Your task: Type out the data exactly as given. Skip any image.

Information provided:
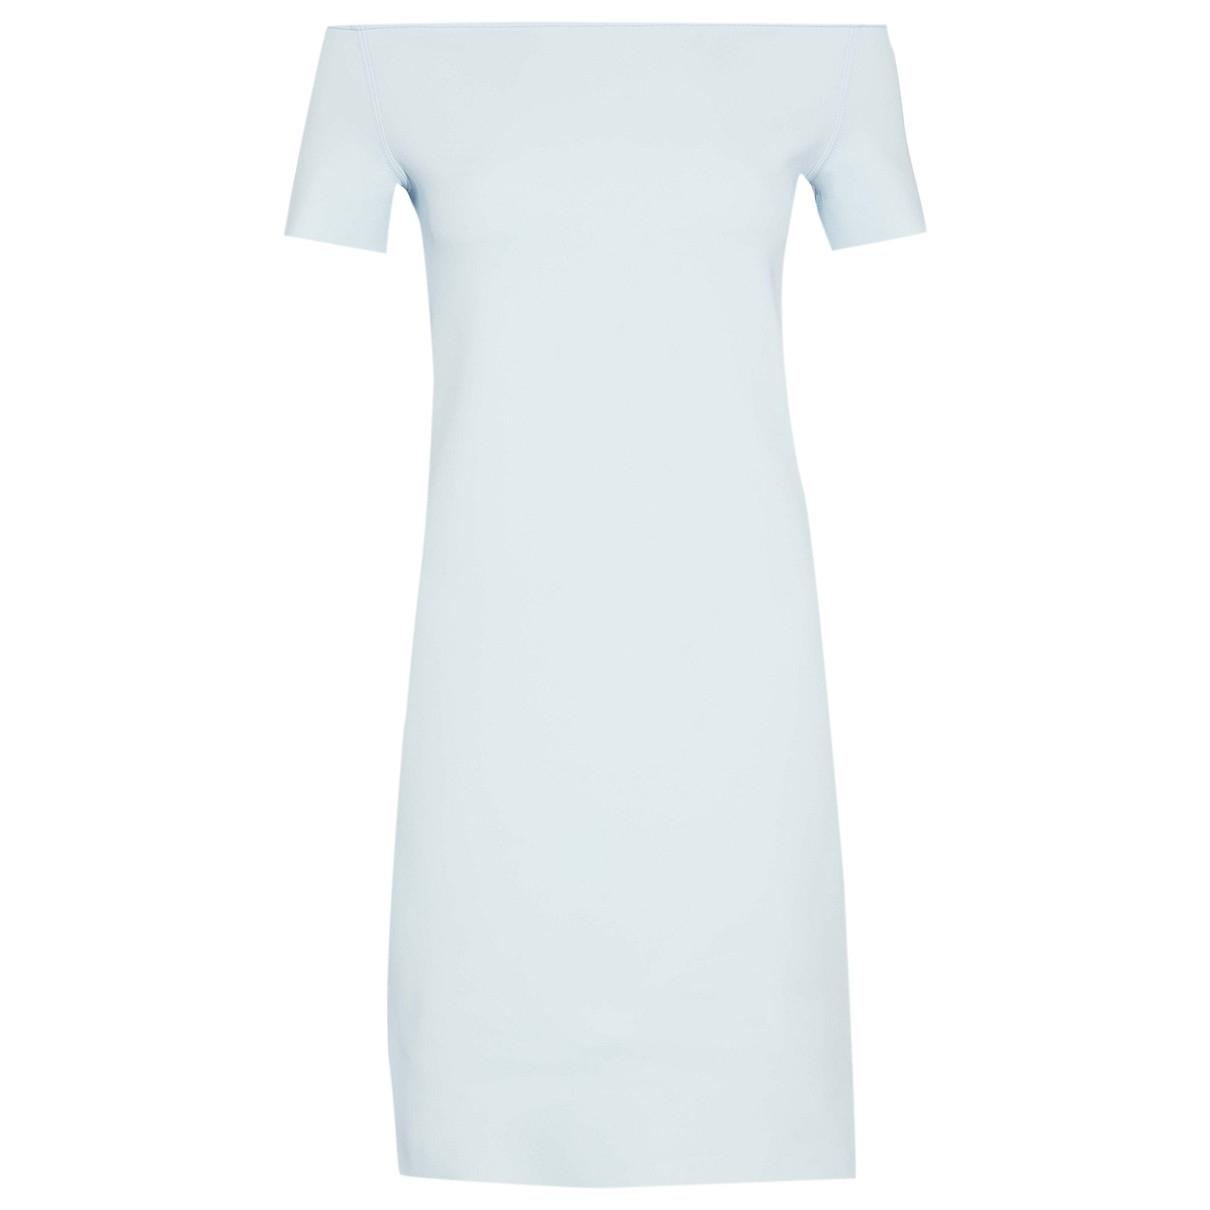 Helmut Lang \N Kleid in  Blau Synthetik
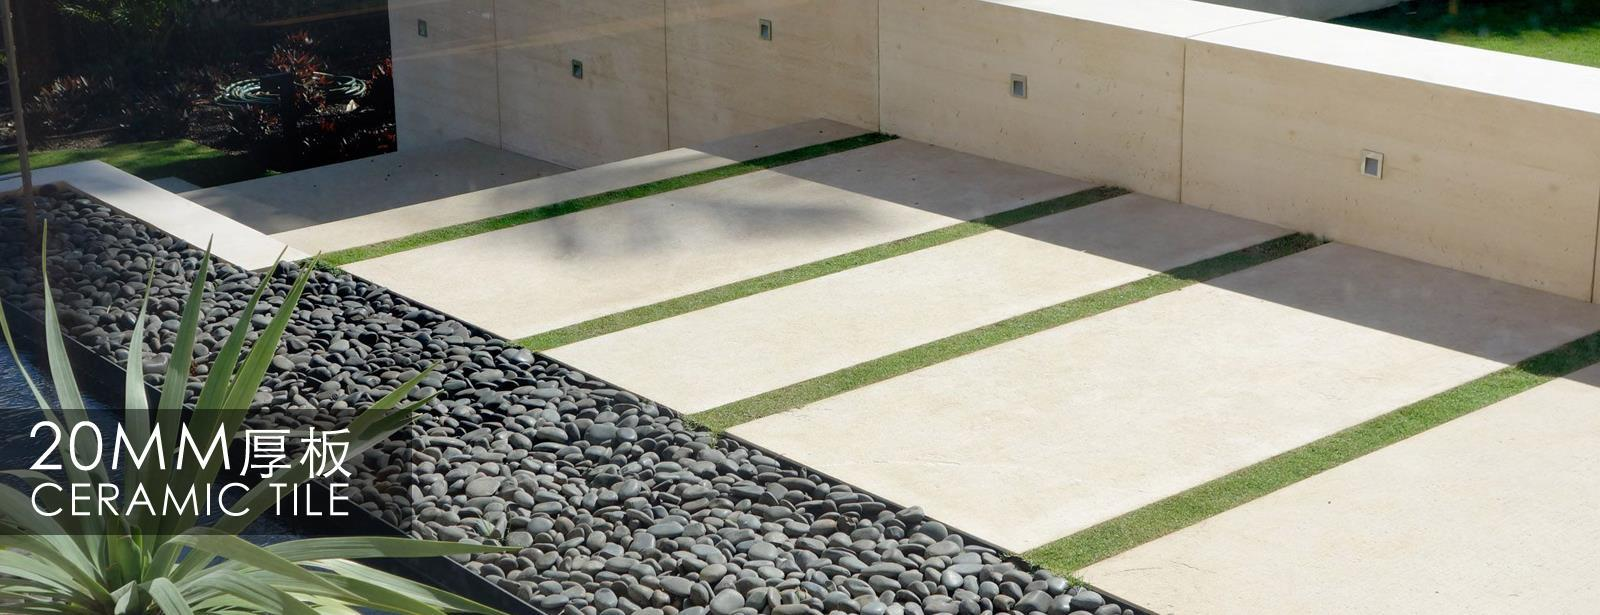 2cm厚生态地铺石悬空铺贴是怎样的?悬空铺贴有什么优点
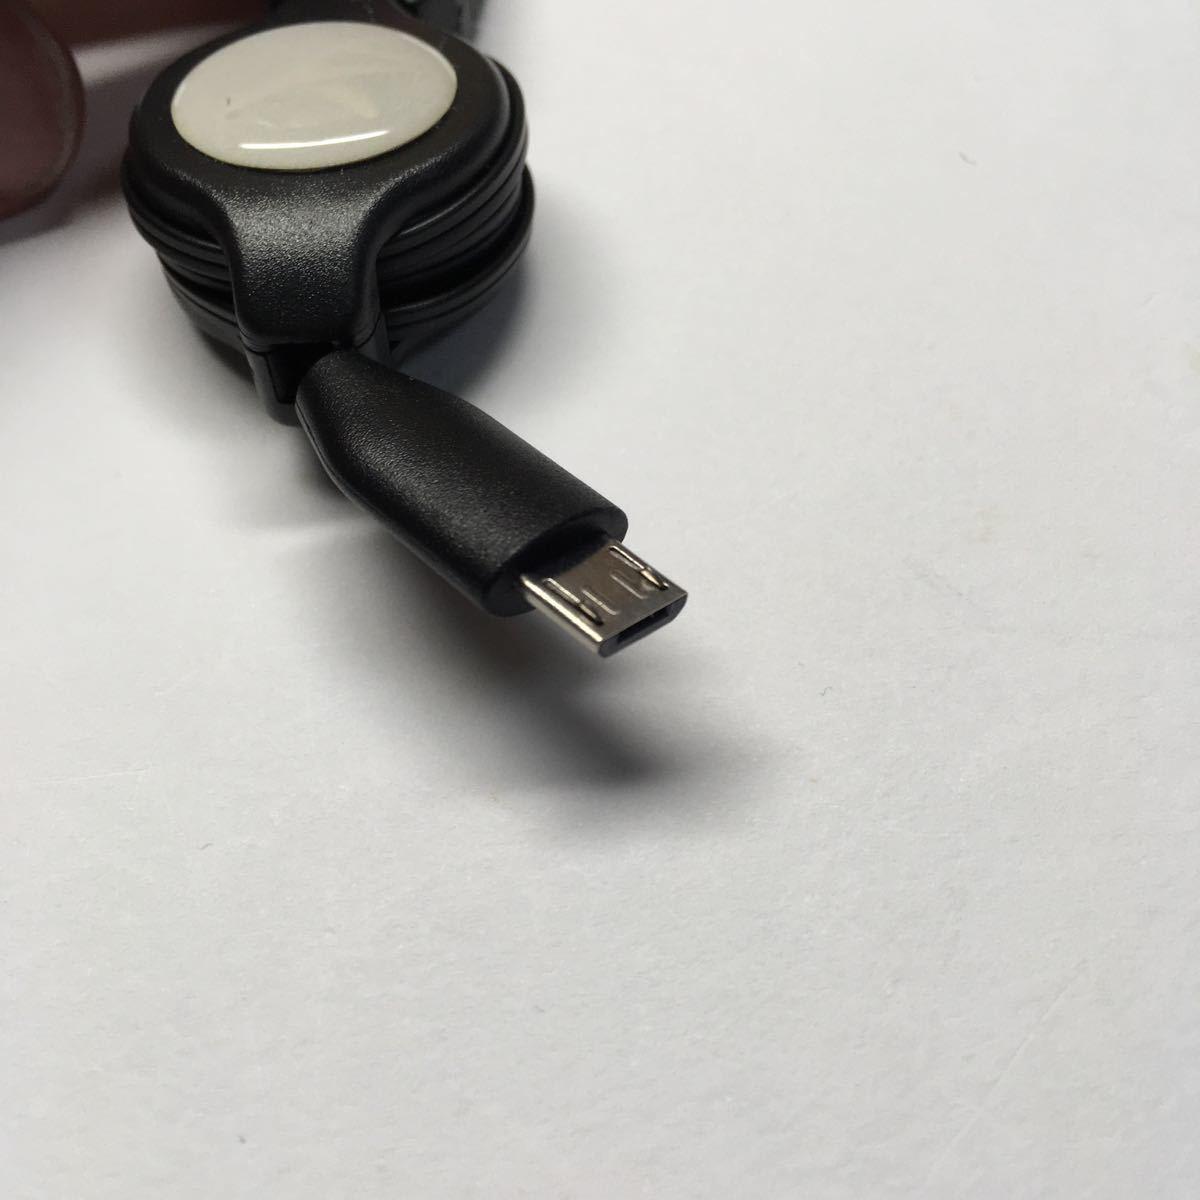 USBケーブル USB 充電器 ps vita 動作未確認 ジャンク パーツ ソニー SONY ゲーム プレステ

Solution to the exercise:
 Helmut Lang \N Kleid in  Blau Synthetik
 2cm厚生态地铺石悬空铺贴是怎样的?悬空铺贴有什么优点
 USBケーブル USB 充電器 ps vita 動作未確認 ジャンク パーツ ソニー SONY ゲーム プレステ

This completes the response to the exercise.